AIM’s best sector in a bad year for junior market
14th April 2022 14:02
by Andrew Hore from interactive investor
Property companies on the alternative index have shone as some normality resumes post-Covid, and our award-winning small companies writer says there’s plenty more to come.
AIM has been a poor performer over the past year, but there have nonetheless been many AIM companies that have done well during the period.
The best-performing AIM sector is real estate, which is 14.4% higher over the past 12 months (to 11 April). The sector has a 3.5% weighting in the FTSE AIM All-Share index, which fell by 14.6% over the year. So this represents significant outperformance in a tough period for AIM.
Just five of the 19 AIM sub-sectors are higher over one year, including financial services which has barely increased. Media is the next best-performing AIM sub-sector, with a gain of just under 10%.
The FTSE AIM Real Estate sector includes property investment companies and property services companies such as estate agents and lettings businesses.
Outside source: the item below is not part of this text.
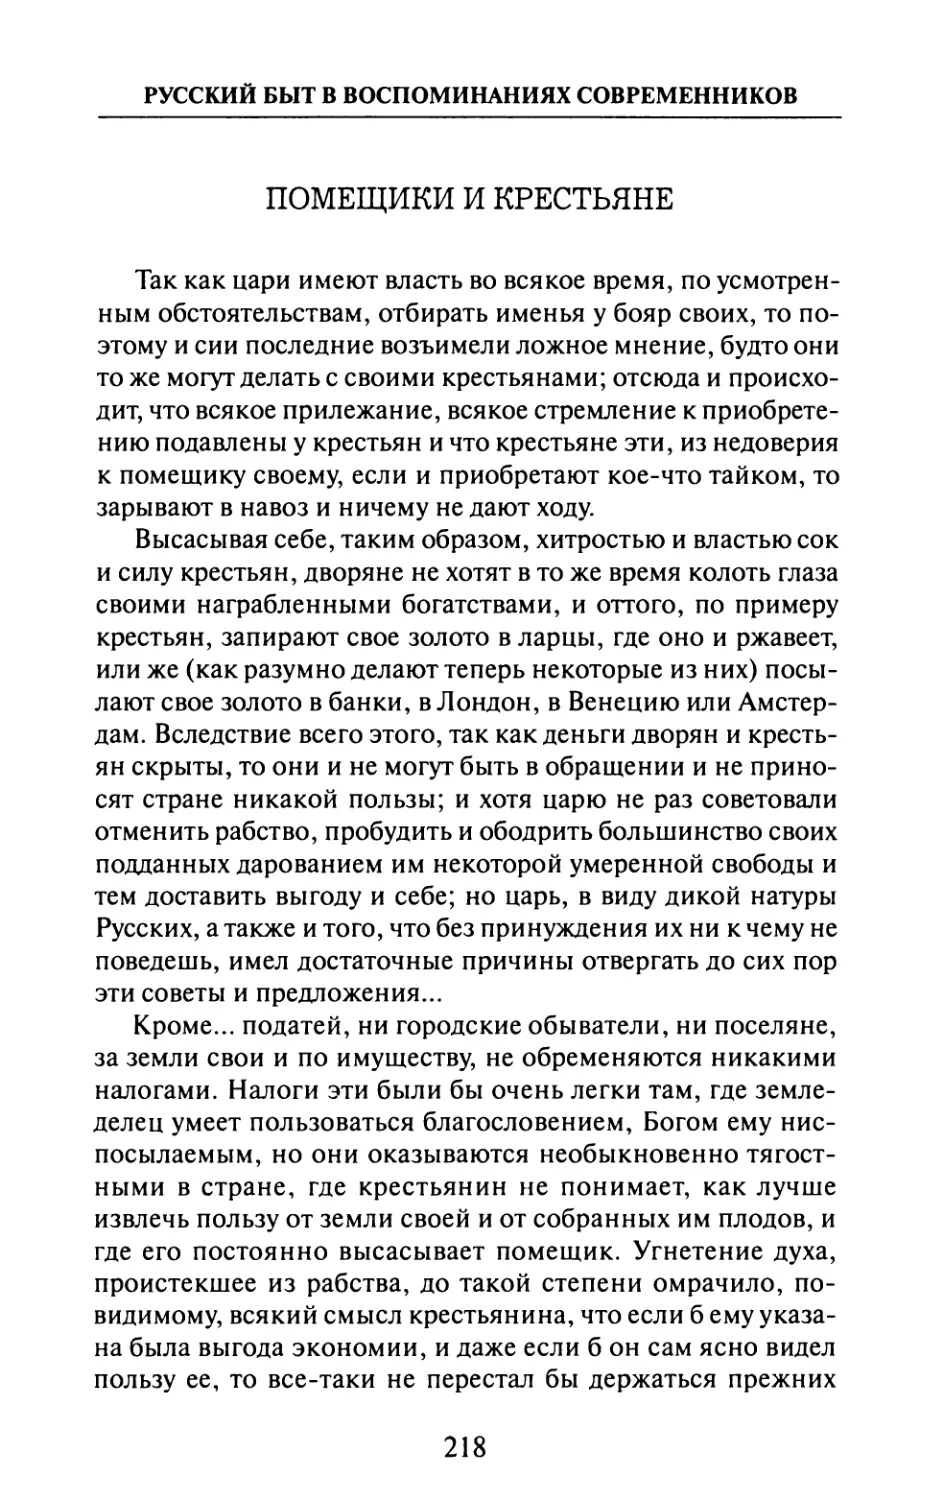 Помещики  и  крестьяне  —  Ф.  Вебер.  «Записки»  «Русский Архив»,  1872  г

Urban Logistics REIT (LSE:SHED) was included in the sector until it moved to the main market on 7 December last year. At the time of its move, it had risen by 16.3% since 11 April 2021, and over the full 12-month period it has increased by 30.2%. The initial 16.3% rise will have contributed to the outperformance of the real estate sector, particularly as Urban Logistics was one of the largest constituents before it moved.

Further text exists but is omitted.